Breathing is difficult for me right now, but it’s not because of fear or excitement. I have just returned from a week in my childhood hometown of Green Bay, Wisconsin, where the temperatures were in the single digits (Farhenheit, alas) and the air so dry that my head decided that breathing was an option it could skip.

The reason for my trip to Titletown was the sudden death of my stepfather, Lyle Lahey, at the age of 81. I spent a week with my siblings helping my mother organize a memorial gathering, as well as trying to deal with all of the post-death details that need attending, such as changing financial account names, notifying Social Security, etc. Though I have always considered myself somewhat of an outsider no matter where I am, I got a reminder of what one can accomplish being an outsider on the inside.

Lyle’s one great period of his life spent outside Wisconsin was in the early 1950s when he served his country during the Korean conflict. Other than that, he spent his life growing up in rural Abrams, Wisconsin, attending university in Madison, and eventually working in first television and then newspapers in Green Bay. For about the last 40 years of his life, he was an editorial cartoonist for the smallest daily newspaper in the country to have its own political cartoonist. In 1997, he published The Packer Chronicles, a book that — in typical Lyle humorous fashion — reprinted his Packer-related cartoons from the team’s bad years, not the championship seasons the team was then enjoying. And for the past seven years, he drew a total of nearly 700 political cartoons that I helped him post online.

He was a workhorse. For decades until the small daily Green Bay News-Chronicle closed in 2006, he drew political cartoons six or even seven days a week, in addition to editing the paper’s editorial pages. His comics commented on everything from botched police investigations into an auto accident (which resulted in an anonymous caller suggesting the police reenact the accident with Lyle as the victim) to criticism of politicians of both parties. Once, when he mocked George W. Bush, a Vietnam veteran called him up and complained that he hadn’t gone and fought in Vietnam just so Lyle could make fun of our president; Lyle replied, “Well, yes, you did, if you think about it.” Lyle took very seriously his role as a truth-telling political commentator, and he didn’t fight in Korea so that his country could turn into a bunch of servile yes-men.

But it was the local stuff that was the focus of most of Lyle’s cartoons. People appreciated it. I know people whose families subscribed to the News-Chronicle only for Lyle’s comics. Once in high school, a friend and I got into an animated argument over how to pronounce Lyle’s last name — he insisted it was pronounced la-HEY, but I assured him it was LAY-hee. It still amuses me that he thought I didn’t know how to pronounce my own stepfather’s name, but it indicates how much the good people of Green Bay thought Lyle was one of them. I hope they know the feeling was mutual.

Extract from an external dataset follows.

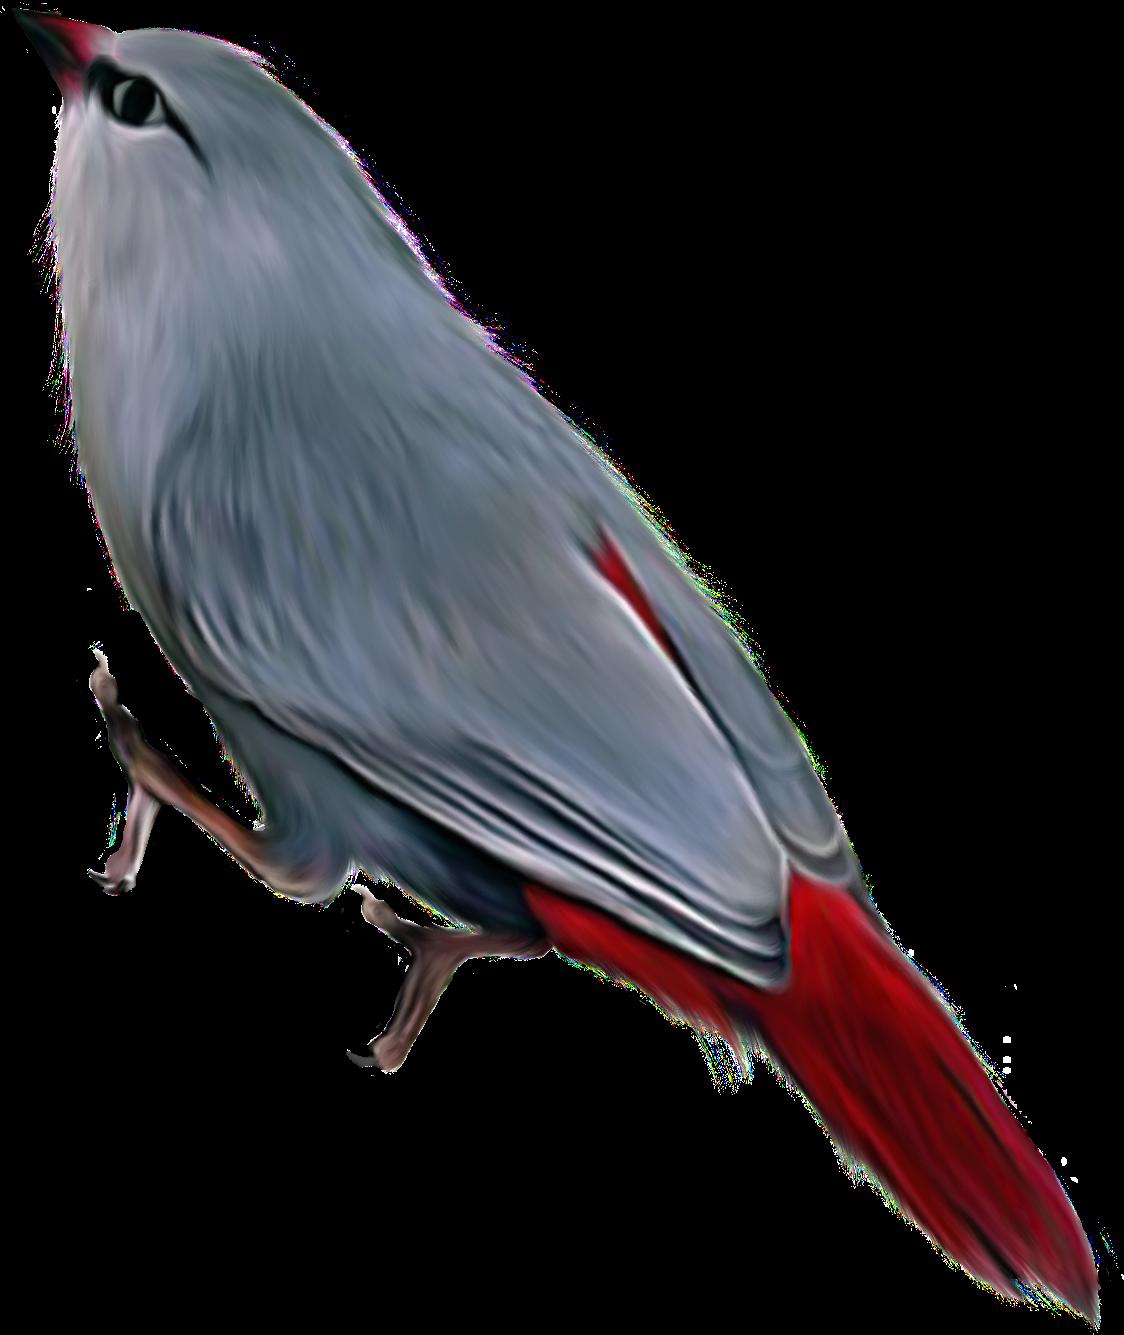 طيور خامات صور للتصميم-خامات للتصميم-تصاميم فو تشوب-ادوات المصمم

Lyle didn’t syndicate his comics, outside of a few other newspapers in Wisconsin that ran them after they’d run in the News-Chronicle. It wasn’t that he couldn’t — he had been published occasionally in other publications; but he specifically chose not to syndicate, because then he would have to cover topics of regional or national interest instead of the local issues that he preferred to cover because, as he said, he thought the people of Green Bay deserved to have someone keeping a watch on their local issues.

Lyle was a local notable, someone known by pretty much everyone in Green Bay. Some people disliked him, but from all of the people I’ve known over the years, I think most people recognized that he said — or drew — what he thought, and he never sold his opinions to the highest bidder. Trust me, if he’d sold out, he’d have been making a hell of a lot more money than he made at the little News-Chronicle.

When the city’s mayor showed up at the memorial service, it was a nice touch. But a sign of how much Lyle touched Green Bay was when a former longtime city council member showed up, visibly deflated by Lyle’s death. The councilman had served for 35 years as the gadfly on the council, the one who would be pilloried by the rest of the council and the media and city leaders because he dared to question sweetheart deals and dumb city decisions. At one point, he noted, “I’ve lost my guardian angel,” because Lyle was the only one in the media who defended him.

A day later, while looking for an urn to hold Lyle’s ashes until my mother’s could be scattered with his, we viewed a sampling of traditional and modern urns at the local funeral parlor. After my mother, my sister, and I made our usual smart-alec remarks about various urns, my mother looked at the funeral home attendant and said, “You’ll have to forgive us, we’ve got a weird sense of humor.” The attendant showed no emotion, which Lyle would have appreciated as much as my mother’s comment itself or our wisecracks.